The McDougal Center’s move to its interim location came 20 years after its founding, noted Dean of the Graduate School of Arts & Sciences (GSAS) Lynn Cooley during a reception for graduate students last month that also celebrated the reopening of the center in its new space and its 20th anniversary. Many of those who helped plan the center 20 years ago were in attendance, including Brandes and former GSAS Dean Thomas Appelquist. As a young faculty member in the psychology department, President Peter Salovey chaired the advisory committee for the new center for graduate students two decades ago.

At the reception, Cooley led a unified cheer for the late Yale College alumnus Alfred McDougal ’53 and his wife, Nancy Lauter, whose generous gift to the university first made the center possible in 1997, and supports it to this day.

The McDougal family wanted to fund the creation of a space where graduate students — many of whom live off campus — could gather together to socialize, study, and participate in events and festivities — in the same way that undergraduates can do so in their residential colleges. At the time, Fred McDougal said, “I have been greatly enriched by my undergraduate experience at Yale. But as I talked to graduate students at a number of campuses, I realized how isolated — and even lonely — the world of graduate students can be.
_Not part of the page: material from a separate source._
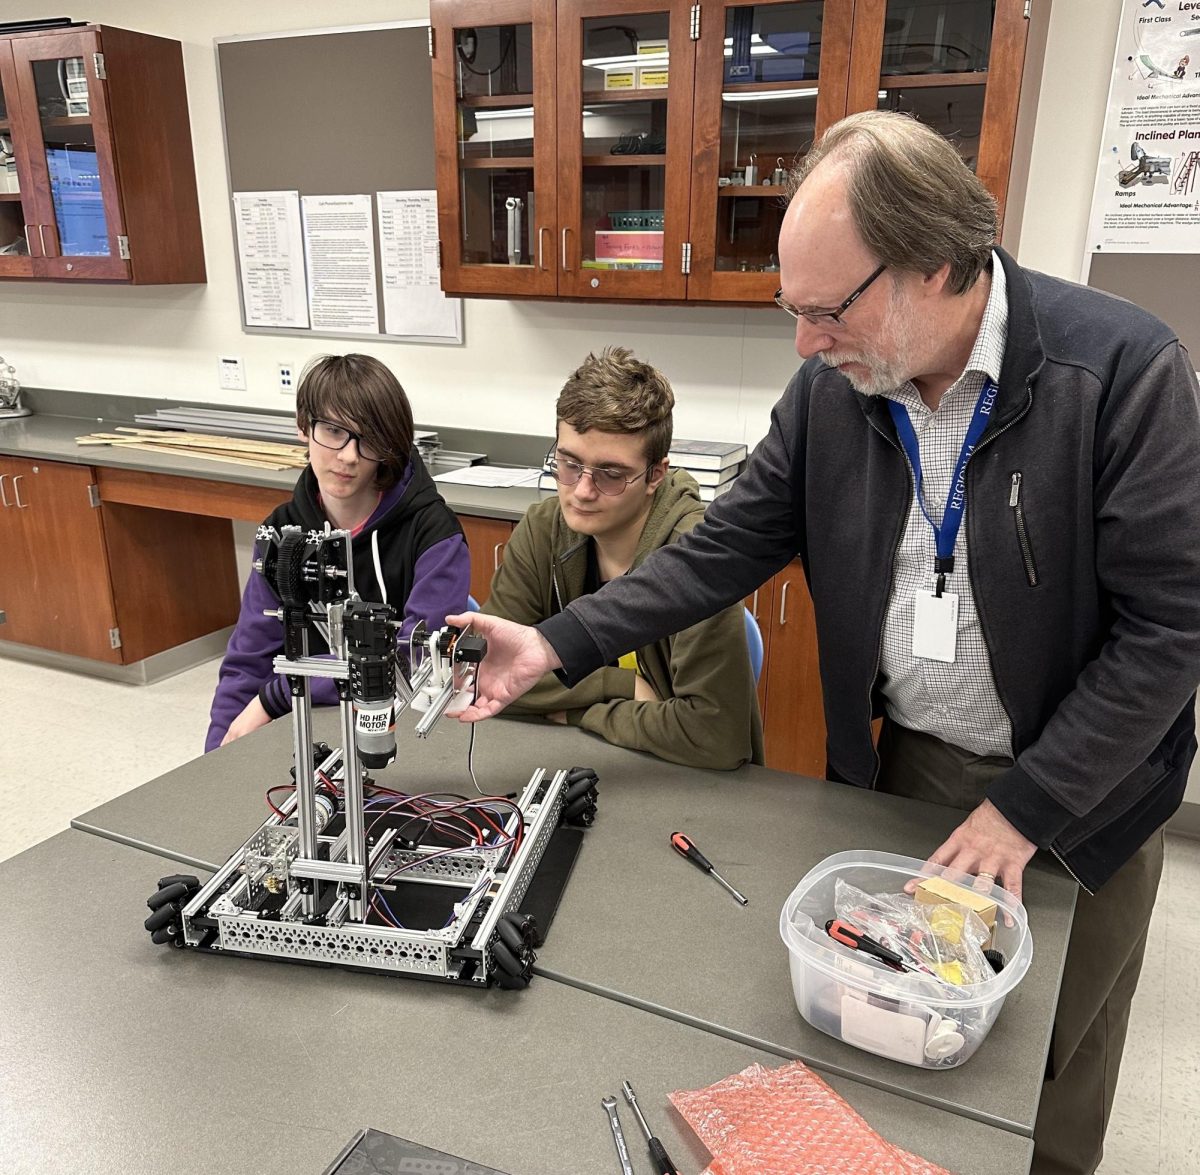 William+Pease%2C+Nonnewaug+science+faculty+and+club+advisor+for+robotics%2C+attaches+crucial+pieces+onto+this+robot+with+freshmen+Collin+Palaia%2C+left%2C+and+Jack+Braddock.
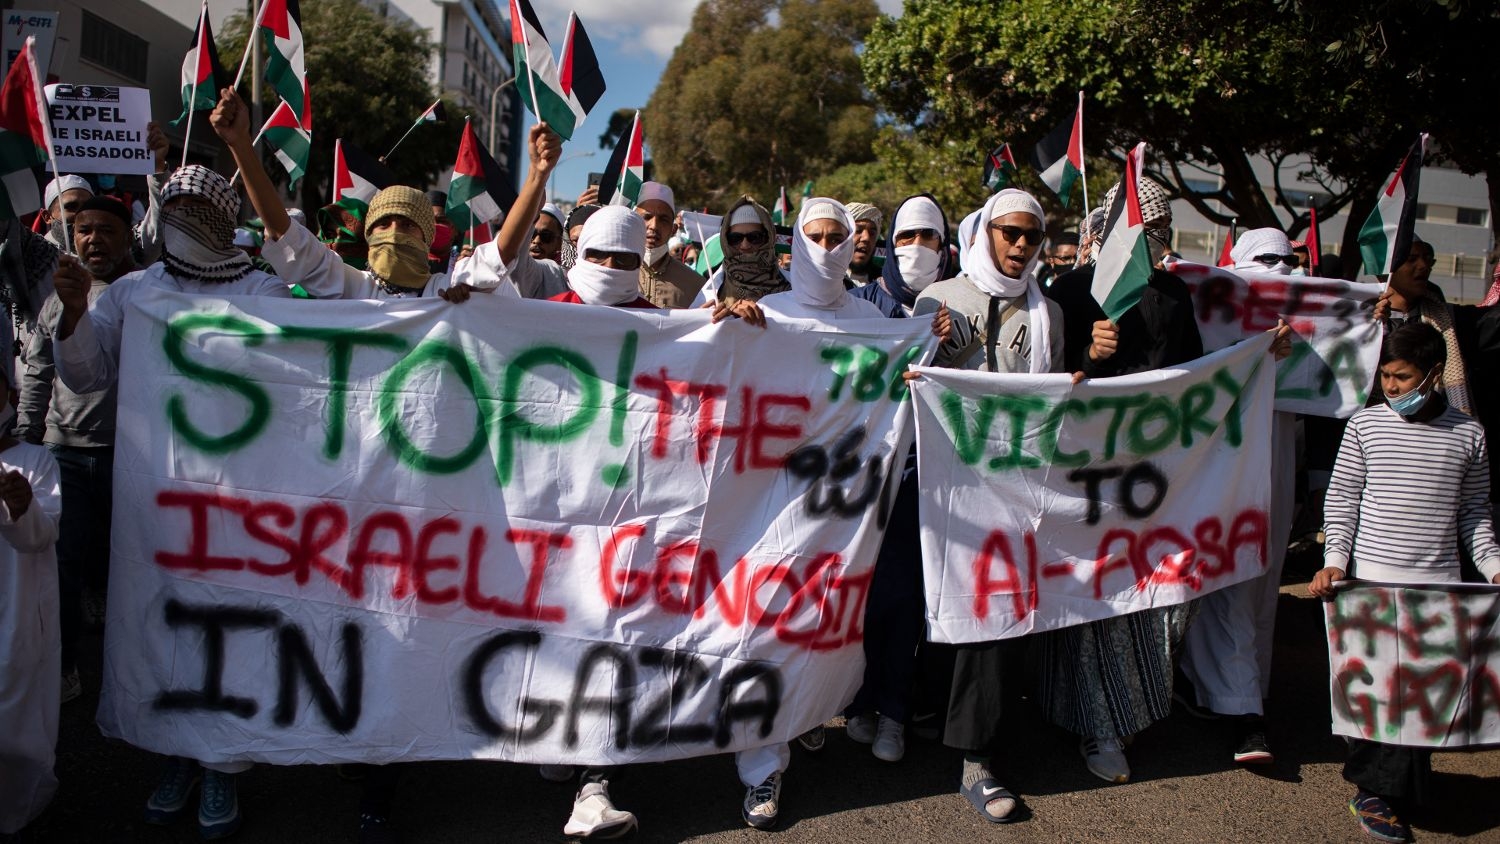 Demonstrators hold banners and Palestinian flags as they march through the city centre in Cape Town, on 12 May 2021 during a protest against Israeli attacks on Palestinians in Gaza.

The graduate years are a time when students pursue a more narrow specialization, but a student of French literature, for example, doesn’t cease to be someone who loves to play the cello or soccer or have career concerns. I sensed a real possibility and a need at the university to create a center that could support graduate students in the variety of endeavors that encourage them to be the well-rounded people they are.”

In addition to funding the center facilities and all the McDougal Fellows, the gift from McDougal and Lauter also supports the programming of the McDougal Graduate Student Life office, the GSAS Office of Graduate Student Development and Diversity, the Office of Career Strategy, Graduate Student Teaching Development, and the Graduate Writing Lab. The latter two programs are now housed in the Center for Teaching and Learning.

With the McDougal endowment, we’ve been able to create, recreate, and sustain a nationally recognized set of grad student services in careers, diversity, student life, teaching, and writing, and to appoint over 60 grad student McDougal Fellows each year,” said Cooley, later adding, “Fred has passed on, but his vision and this spirit for creating graduate student life remain with us at Yale, for which we are truly grateful.”

A student studies in the McDougal Center common room.
The common room of the McDougal Center's temporary space is surrounded by windows, providing ample natural light. (Photo by Harold Shapiro)

Brandes says that to her knowledge, the McDougal Center is the only endowed graduate student center in the nation.

We are a full-service student center. Our mission is to provide services that students need when they need them,” says Brandes. “We want them to be happy and engaged.”

Now that the McDougal Center is across from Ingalls Rink, Brandes says she envisions the center hosting grad nights before Yale hockey games, as just one example of a potential first-time activity in the new location.

Although she is not serving as a McDougal Graduate Student Life Fellow this year because she is hard at work on her dissertation, Lerner says she still enjoys the time she is able to spend writing in the interim space.

It’s a nice way to get a change of scenery from my office,” she says. She acknowledges, however, that she’s already thinking about the longer-term future of the center.

We’re really lucky to have this great temporary space, but I look forward to learning what our new, permanent home will be,” Lerner says. According to Brandes, that future location likely will be determined several years from now.